### Description of the task
Repeat exactly the stretch of lines that starts with the one containing "Andrew Garfield Wallpaper." and ends with the last line of the material. Leave out pictures.

### Data shown
• • •

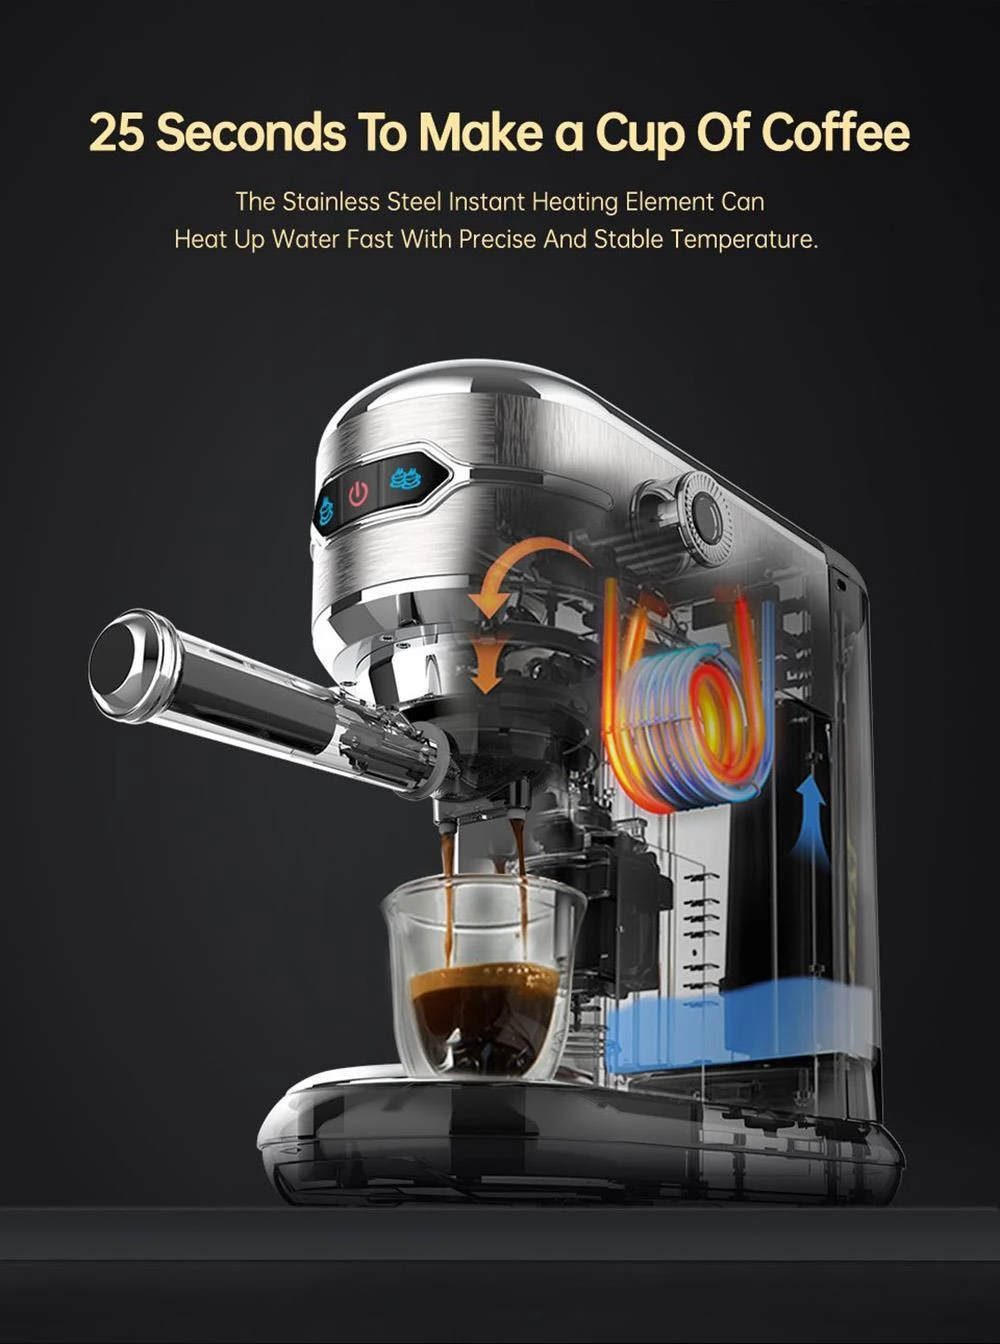 HiBREW H11 1450W Kaffeemaschine, 19 Bar Hochdruck, ESE POD & Pulver, starkes Dampfschaumsystem
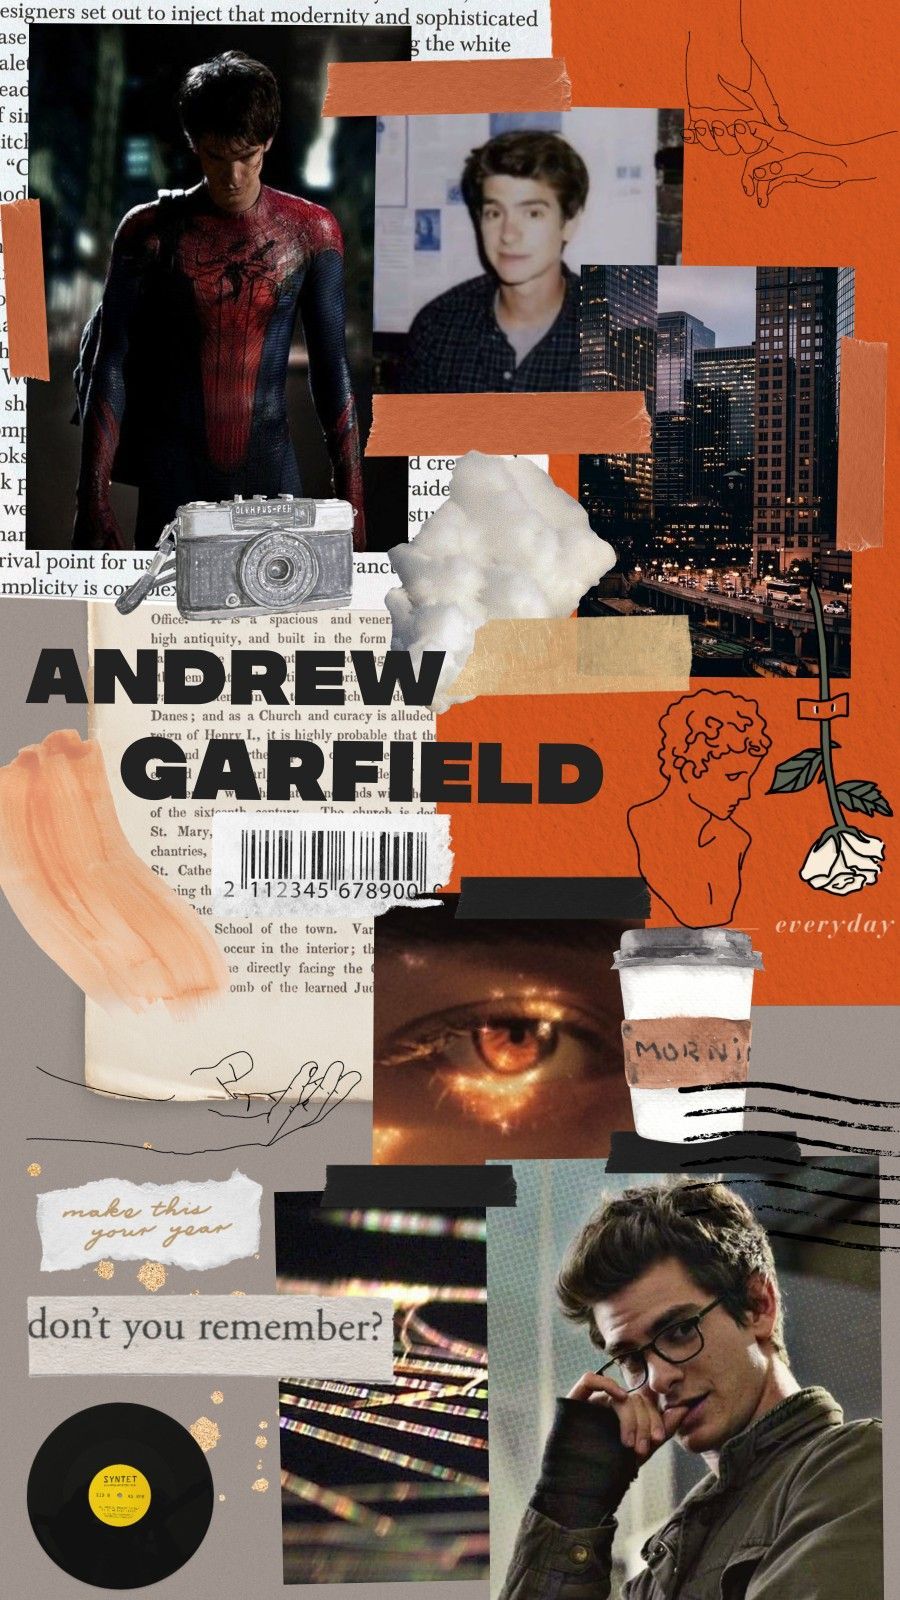 Andrew Garfield Wallpaper. Fotos de spiderman, Fotos de marvel, Superhéroes
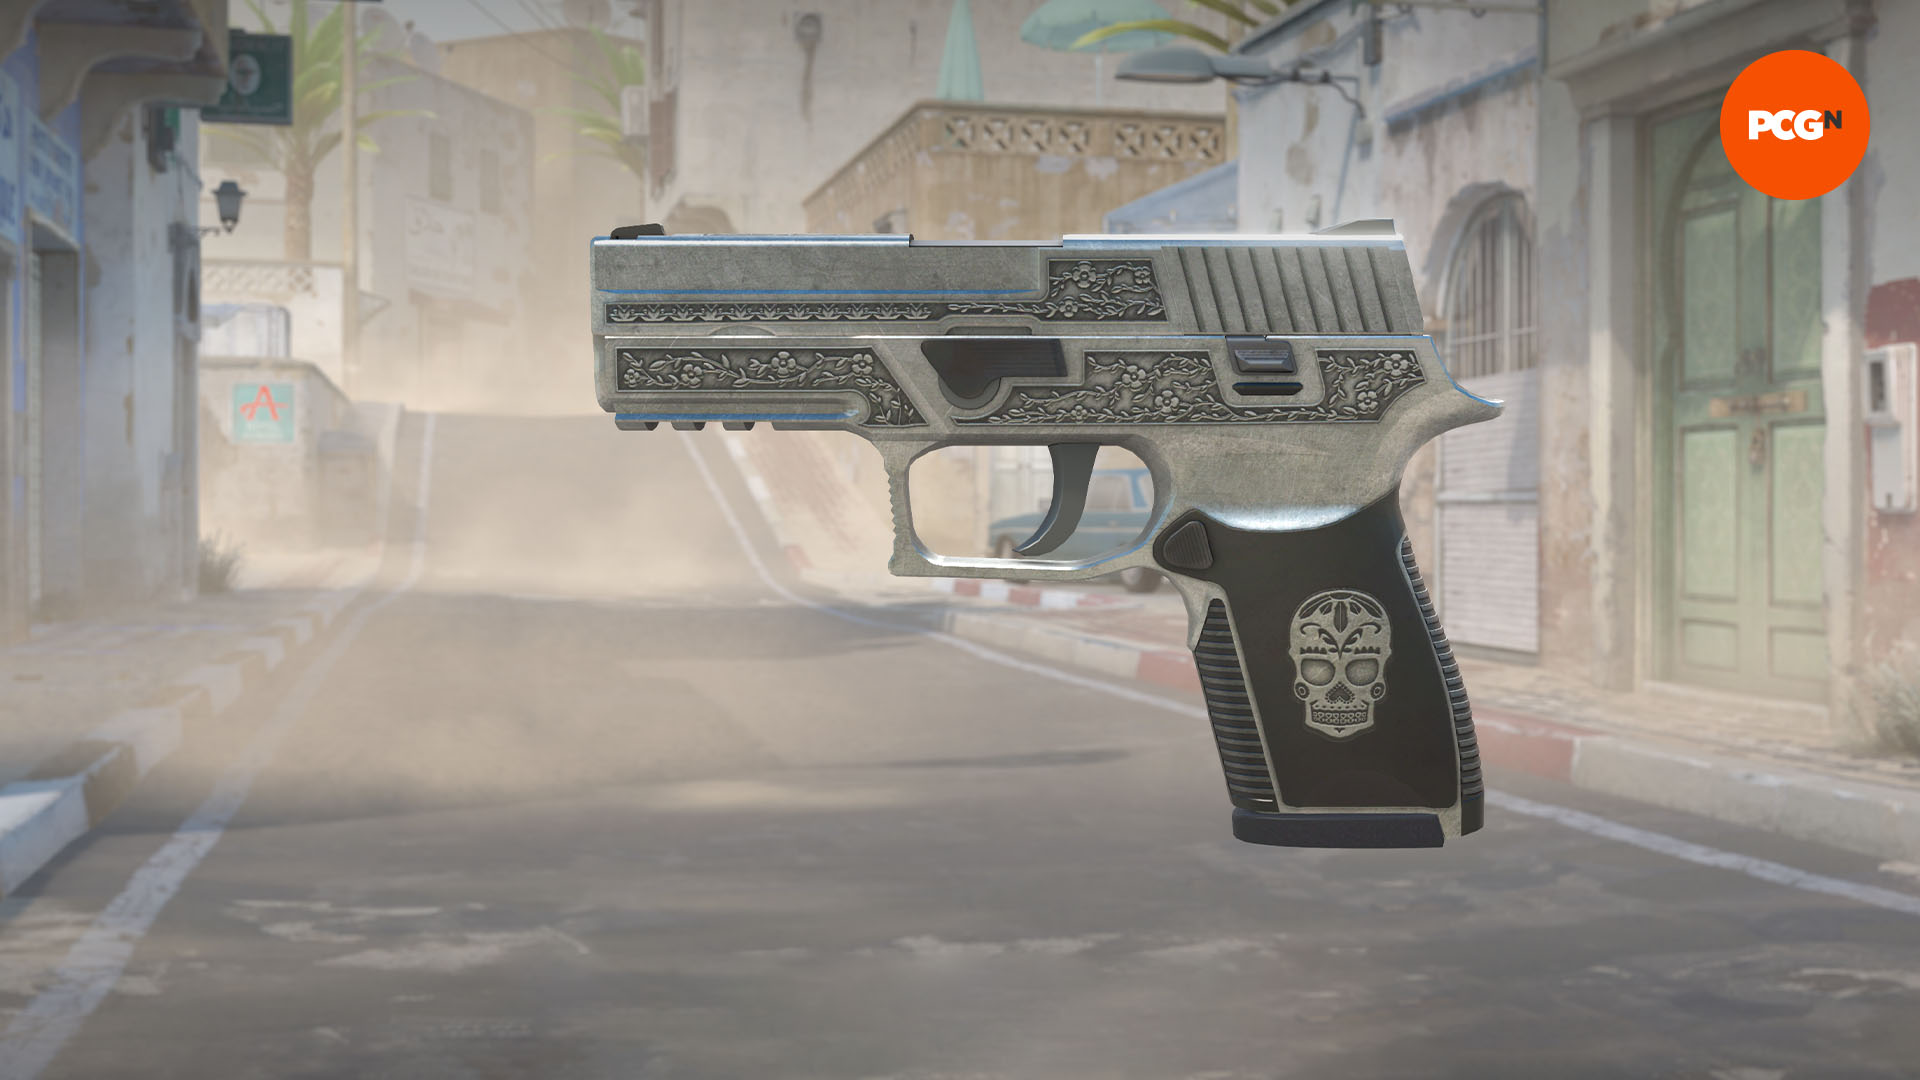 Counter-Strike 2  Rock Paper Shotgun

• • •

### Solution
 Andrew Garfield Wallpaper. Fotos de spiderman, Fotos de marvel, Superhéroes
 Counter-Strike 2  Rock Paper Shotgun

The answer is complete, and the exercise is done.